You are viewing a plain text version of this content. The canonical link for it is here.
Posted to user-zh@flink.apache.org by 王佩 <wa...@cmcm.com> on 2019/09/17 01:55:24 UTC
Split a stream into any number of streams
Hi All,
I want to split a stream into any number of streams according to a field,
and then process the split stream one by one.
Can this be achieved? What should I do?
Regards,
Pei
Re: Split a stream into any number of streams
Posted by Wesley Peng <we...@thepeng.eu>.
Hi
on 2019/9/17 10:28, 王佩 wrote:
> * // How should I do it?*
> splitStream.select("productID1").print();
If I understand for that correctly, you want somewhat the dynamic number
of Sinks?
regards
Re: Split a stream into any number of streams
Posted by 王佩 <wa...@cmcm.com>.
Thank You!
Here is a Example:
// Execution Env
StreamExecutionEnvironment env =
StreamExecutionEnvironment.getExecutionEnvironment();
// Input Source
DataStreamSource<Tuple3<String, String, String>> source =
env.fromElements(
new Tuple3<>("productID1", "click", "user_1"),
new Tuple3<>("productID1", "click", "user_2"),
new Tuple3<>("productID1", "browse", "user_1"),
new Tuple3<>("productID2", "browse", "user_1"),
new Tuple3<>("productID2", "click", "user_2"),
new Tuple3<>("productID2", "click", "user_1")
....
new Tuple3<>("productID50", "click", "user_1")
....
new Tuple3<>("productID90", "click", "user_1")
....
new Tuple3<>("productID100", "click", "user_1")
);
// Split Stream
SplitStream<Tuple3<String, String, String>> splitStream =
source.split(new OutputSelector<Tuple3<String, String, String>>() {
@Override
public Iterable<String> select(Tuple3<String, String, String>
value) {
ArrayList<String> output = new ArrayList<>();
output.add(value.f0);
return output;
}
});
// Select Stream
* // Here: I want to select products 1 to 100 and then process each
one.*
* // How should I do it?*
splitStream.select("productID1").print();
env.execute();
Regards.
Wesley Peng <we...@thepeng.eu> 于2019年9月17日周二 上午10:05写道:
>
>
> on 2019/9/17 9:55, 王佩 wrote:
> > I want to split a stream into any number of streams according to a field,
> > and then process the split stream one by one.
>
> I think that should be easy done. refer to:
>
> https://stackoverflow.com/questions/53588554/apache-flink-using-filter-or-split-to-split-a-stream
>
> regards.
>
Re: 回复: Split a stream into any number of streams
Posted by cai yi <cy...@gmail.com>.
你这个场景貌似可以用Broadcast来广播自定义的事件规则然后join数据流, 之后可以在process中进行处理...
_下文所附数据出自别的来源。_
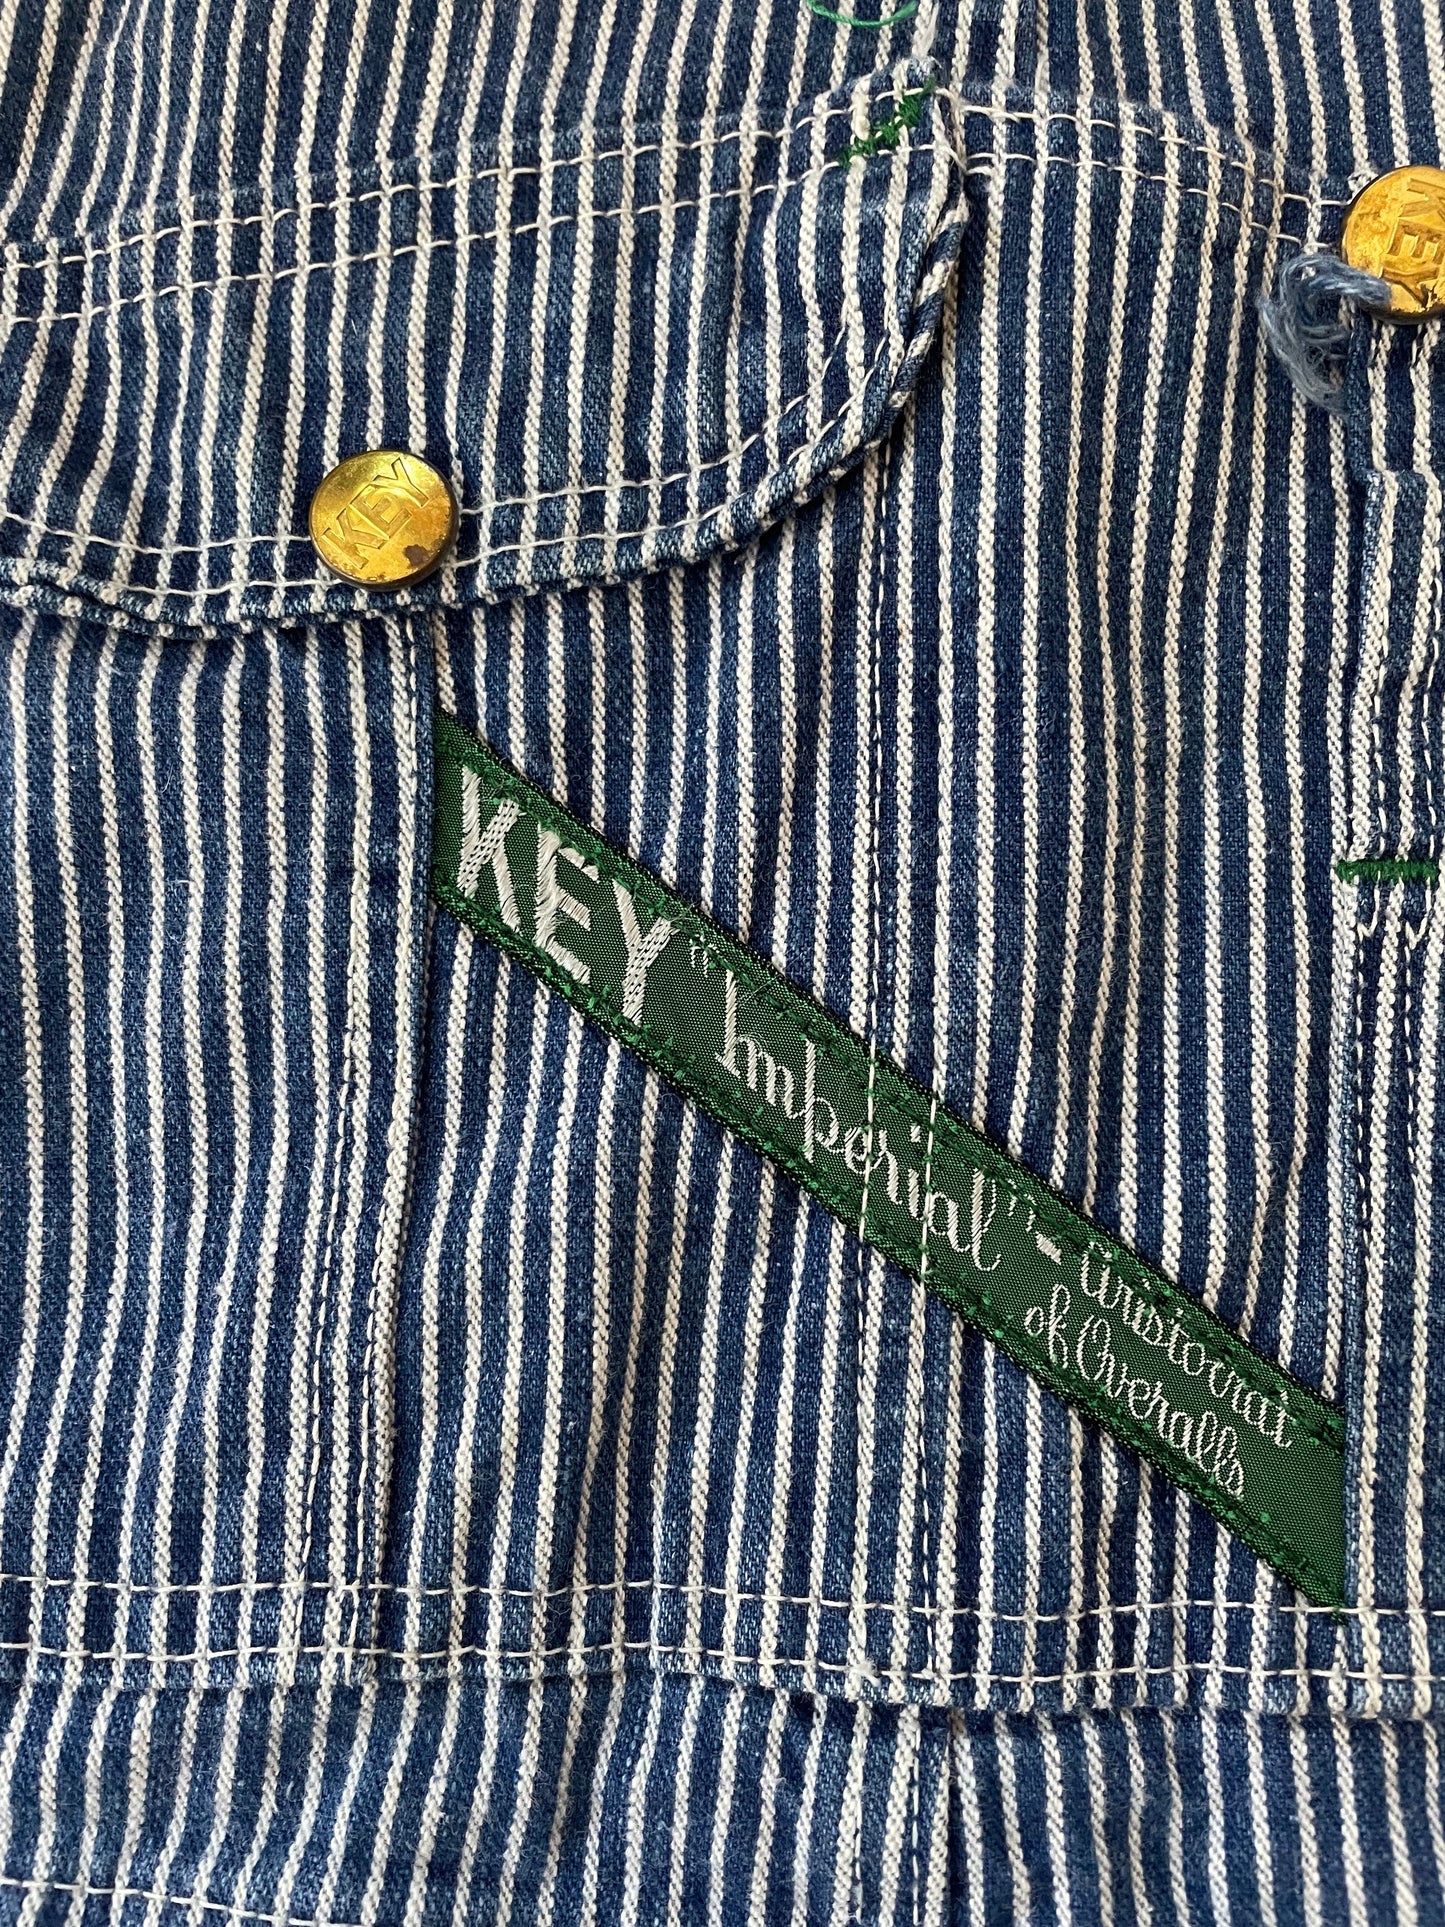 70s/80s Key Imperial Hickory Stripe Overalls

在 2019/9/17 下午4:52,“venn”<wx...@163.com> 写入:
恐怕不行,sideoutput 和 split 都需要先知道要分多少个流
如sideoutput 需要先定义tag:
val late = new OutputTag[LateDataEvent]("late")
-----邮件原件-----
发件人: user-zh-return-1164-wxchunjhyy=163.com@flink.apache.org <us...@flink.apache.org> 代表 王佩
发送时间: Tuesday, September 17, 2019 4:25 PM
收件人: user-zh <us...@flink.apache.org>
主题: Re: Split a stream into any number of streams
是这样的。比方有1000个事件(通过某个字段区分,事件会继续增加),都在一个kafka topic中。
Flink
从Kafka读取数据后是一个DataStream,我想将每个事件分流出来,这样每个事件都是一个DataStream,后续,可以对每个事件做各种各样的处理,如DataStream异步IO、DataStream
Sink 到Parquet。
1、如果用split...select,由于select(事件名),这里的事件名必须是某个确定的。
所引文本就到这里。